The National Democratic Party was founded by Mubarak's predecessor Anwar Sadat in the late 1970s. Over three decades, the party has been accused of being a rallying point to corrupt businessmen and tainted officials.

Senior officials inside the party, including the influential younger son of Mubarak Jamal have repeatedly denied such

accusations, saying that the party has never covered up suspected wrongdoers.

Jamal, who has been ascending inside the hierarchy of the party since the early 2000, has apparently dominated the party with the assistance of the so-called new guard - a term referring to business tycoons and young polidcians.

They include Ahmad Ezz, whose critics say has nurtured monopolistic trends in Egypt. Ezz, a steel baron, on Saturday quit his post as the secretary of the organisational affairs inside the ruling party.
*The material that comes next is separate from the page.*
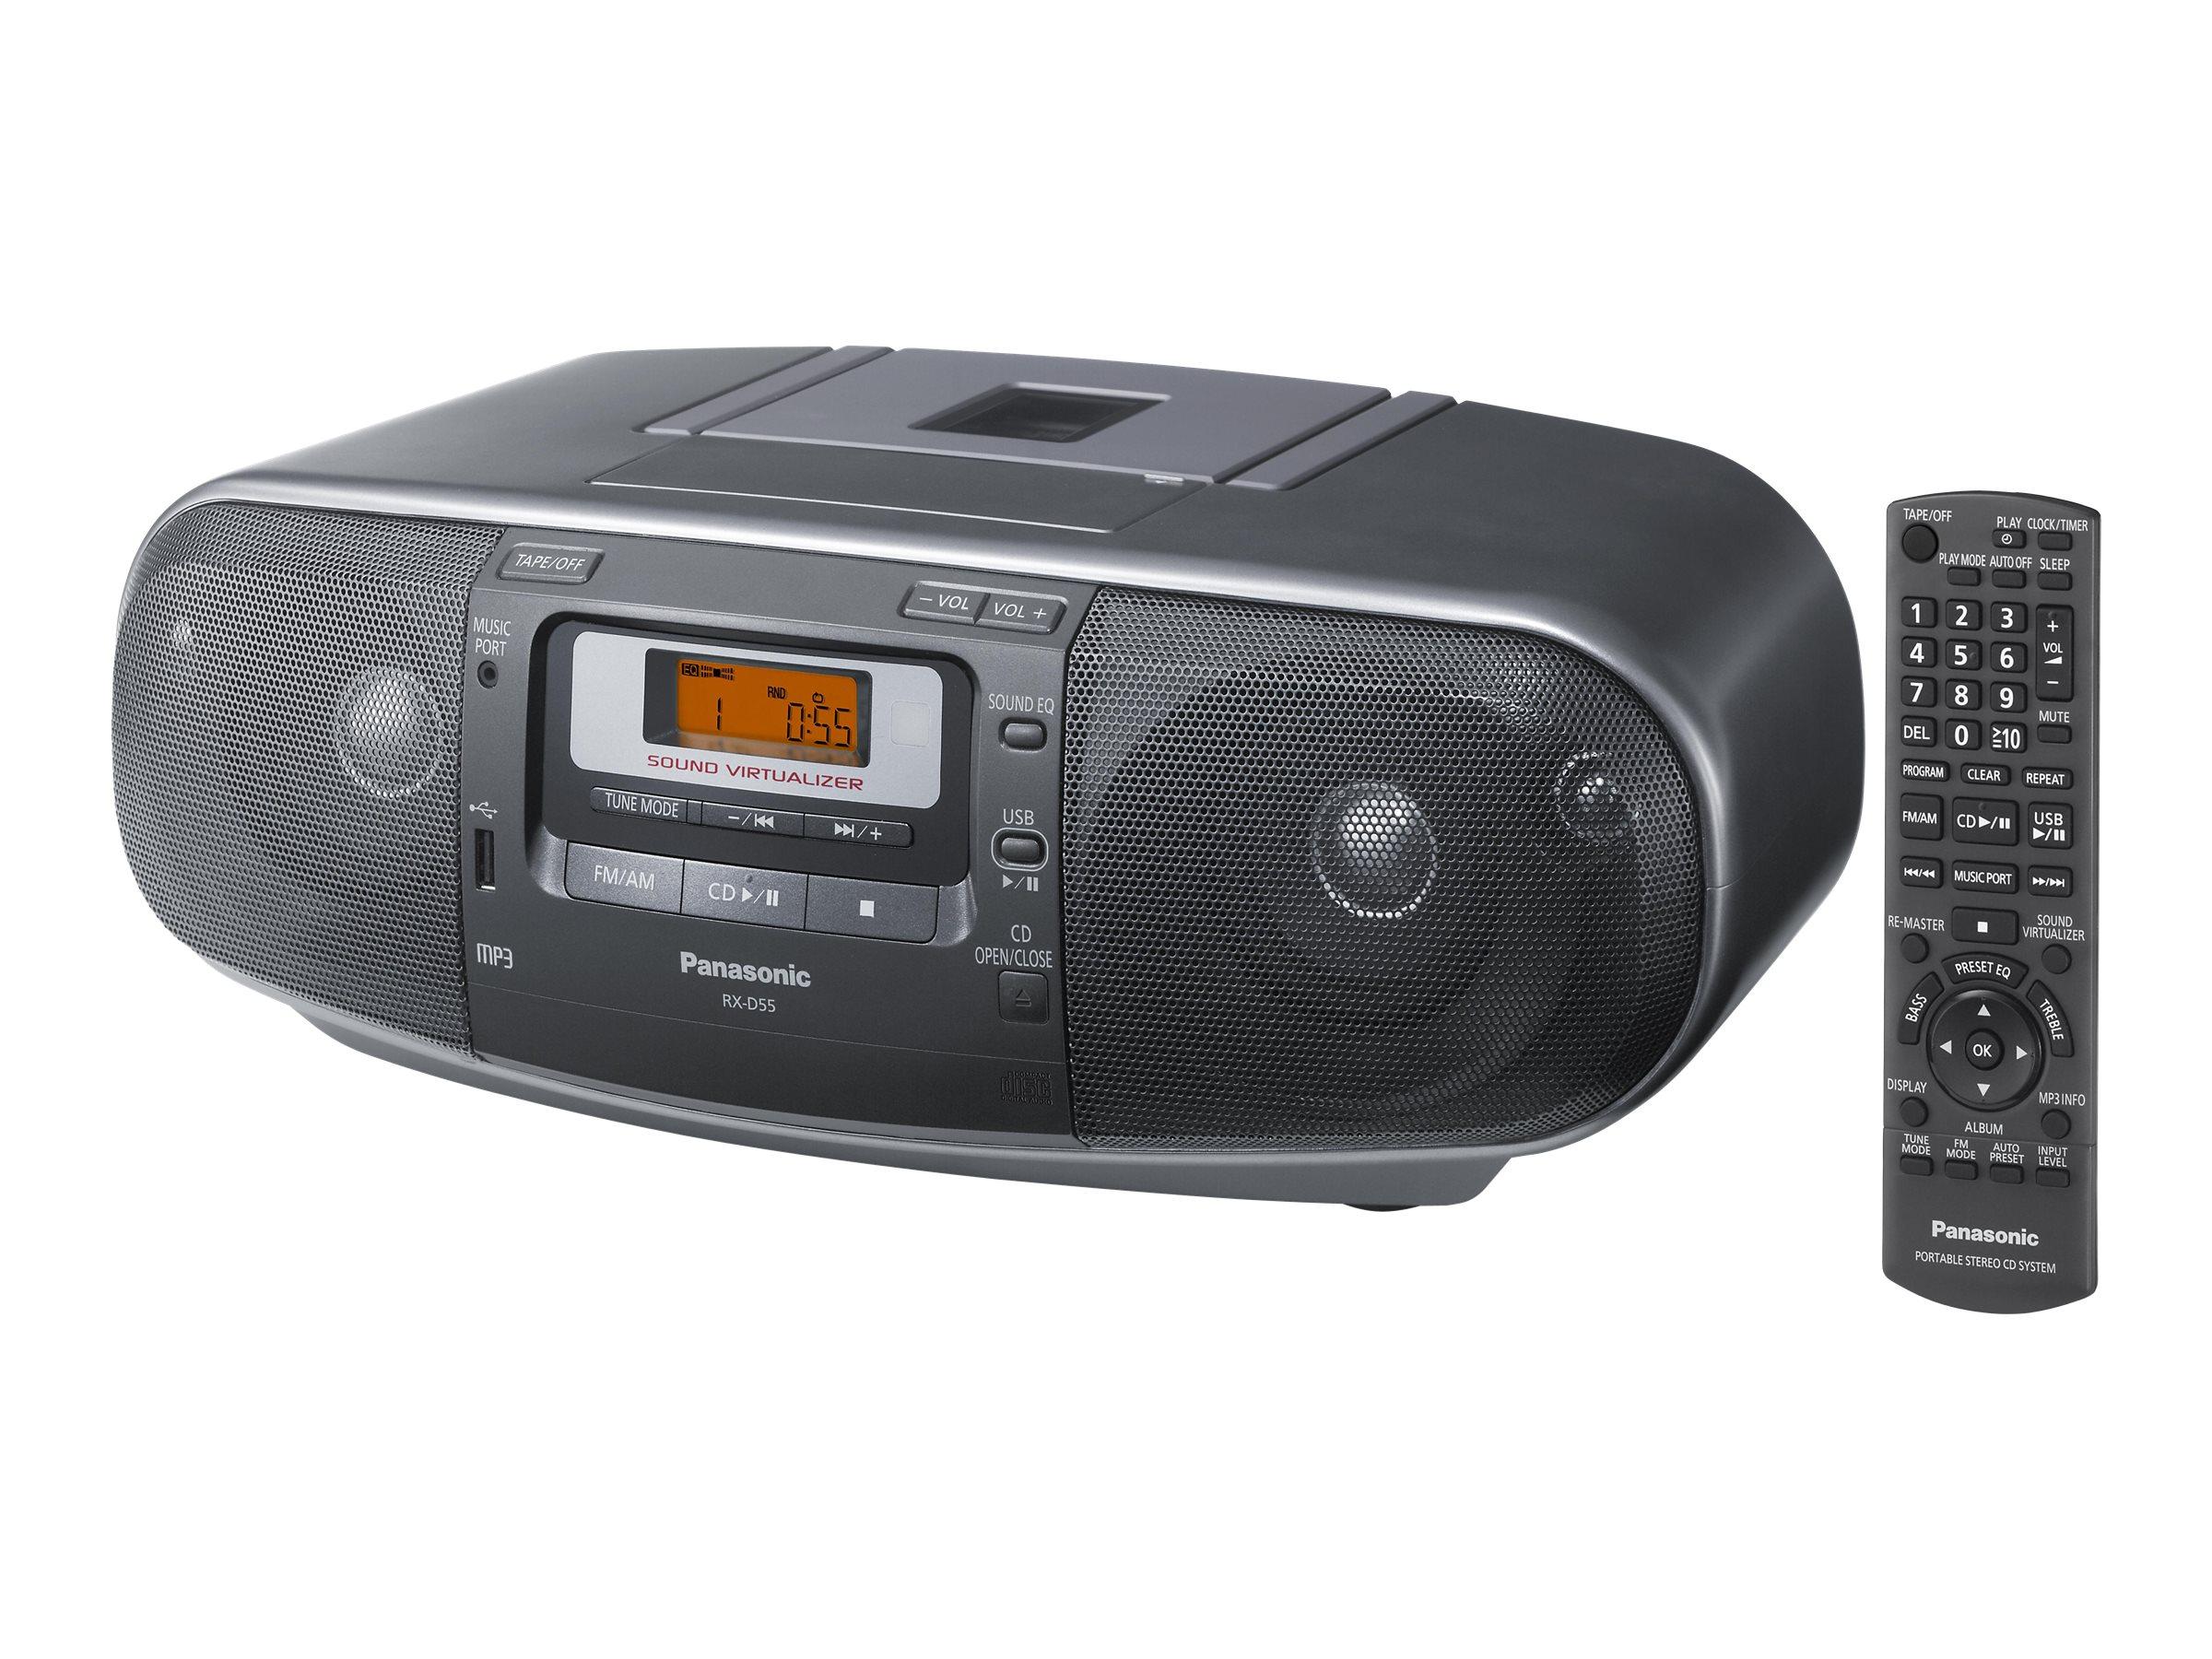 Panasonic RX-D55 - Ghettoblaster

He was replaced with Majed Al Sherbini. "The government is to blame for the current crisis," Al Sherbini said on Monday. "Had it fulfilled the well-considered plans conceived by the (ruling) party, ordinary Egyptians would have felt the fruits of economic reforms," he added.

The ruling party was widely accused of rigging recent legislative elections in order to tighten its grip on the parliament and sideline its opponents. "Our party does not monopolise political life. Our strength lies in having strong rivals," said Sherbini.

If Mubarak survived the current turmoil, he is widely expected to overhaul the party, described by one observer as made of ice cream, "which melted at the first instance of heating".